Mucizelerle Yeniden
Yazın en sıkıntılı aylarına girmeye az kaldı, ısının ve nemin bizi yarı oksitleyip yarı buharlaştırması sonucu neye evrileceğimizi ben de bilmiyorum. Neyse ki teknoloji genişleyen zekasıyla hala hayatı çekilir halde tutmaya devam ediyor.
Genç neslin dijital hayata doğmuş olması benim jenerasyonumun işini epeyce zorlasa da döküle döküle yetişmeye çalışıyoruz peşlerinden. Sürekli sorularımızla onların tahammül sınırlarını nereye kadar zorlarız bilemem artık. Tek bildiğim bu işin peşini asla bırakmamamız gerektiği. Eskiden beri korkulan Ele güne muhtaç olmamak” anlayışının yaş ortalaması da oldukça düşerek “Çoluğa çocuğa muhtaç olmayalıma” dönüştü.

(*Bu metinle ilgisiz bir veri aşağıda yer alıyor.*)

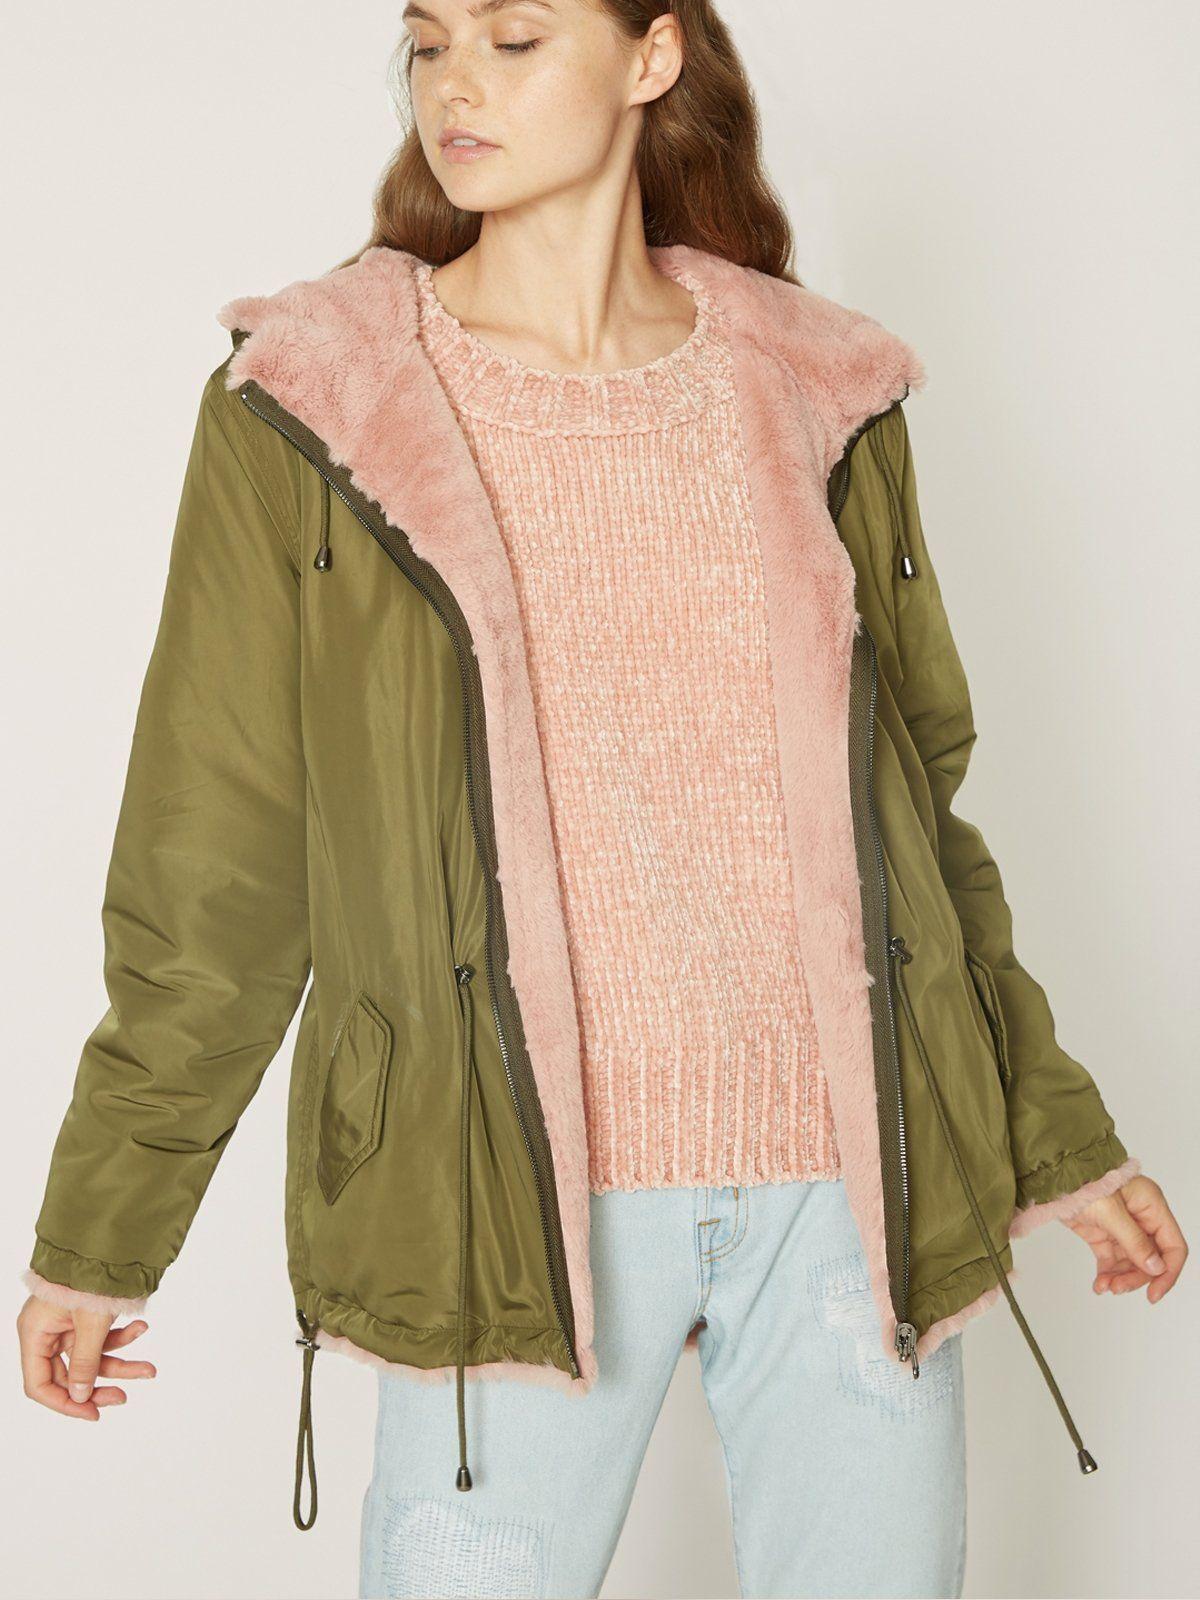 Reversible Fur Snug Mini Parka Jacket Prosperity Green By Sanctuary Clothing Sanctuary Clothing Womens Fashion Jackets Junior Coats [ 1600 x 1200 Pixel ]
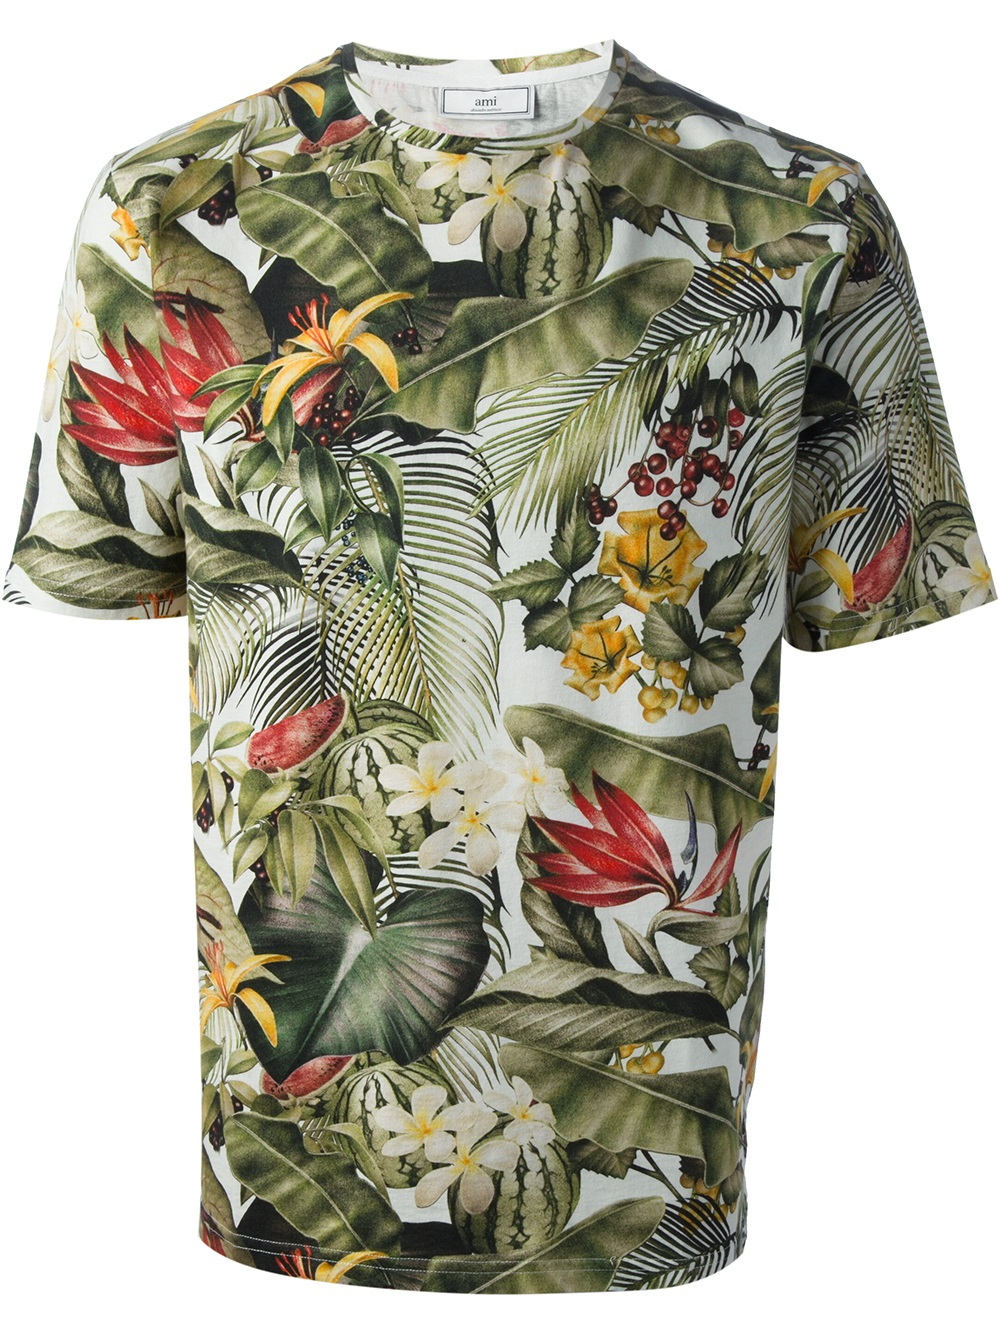 Lyst ami tropical print tshirt in white for men for Lsu hawaiian print shirts

Yeni doğanlar artık iyice eminim ki dijital hayatı öğrenip geliyorlar. Küçücük parmaklar neyi ne zaman öğrendi de bu kadar seri çalışıyor. Sen bebek sayılırsın henüz; altında bez, ağzında emzikle video indiriyorsun. Tay tay durmayı öğren önce. Cinsimiz doğduğunda hala bakıma muhtaç bari evrimini bu yönde geliştir.
Geçenlerde hava limanında check-in yaptım, koltuğumu seçip, biletimi aldım, bavulumu tarttım, fazla kilonun parasını ödedim, bavulumu hareketli bantlara koydum arkasından da bakakaldım. Bütün bunları tek başıma bir makinada yaptım.
Şimdilik uygulama yeni olduğu için çalışanlardan yardım alabiliyorsunuz. Emin olun biraz zaman geçsin tasarruf adı altında hepsini işten çıkartıp küçülmeye giderler biz de uçağa el sallarız artık. Durum bu derece ciddi yani.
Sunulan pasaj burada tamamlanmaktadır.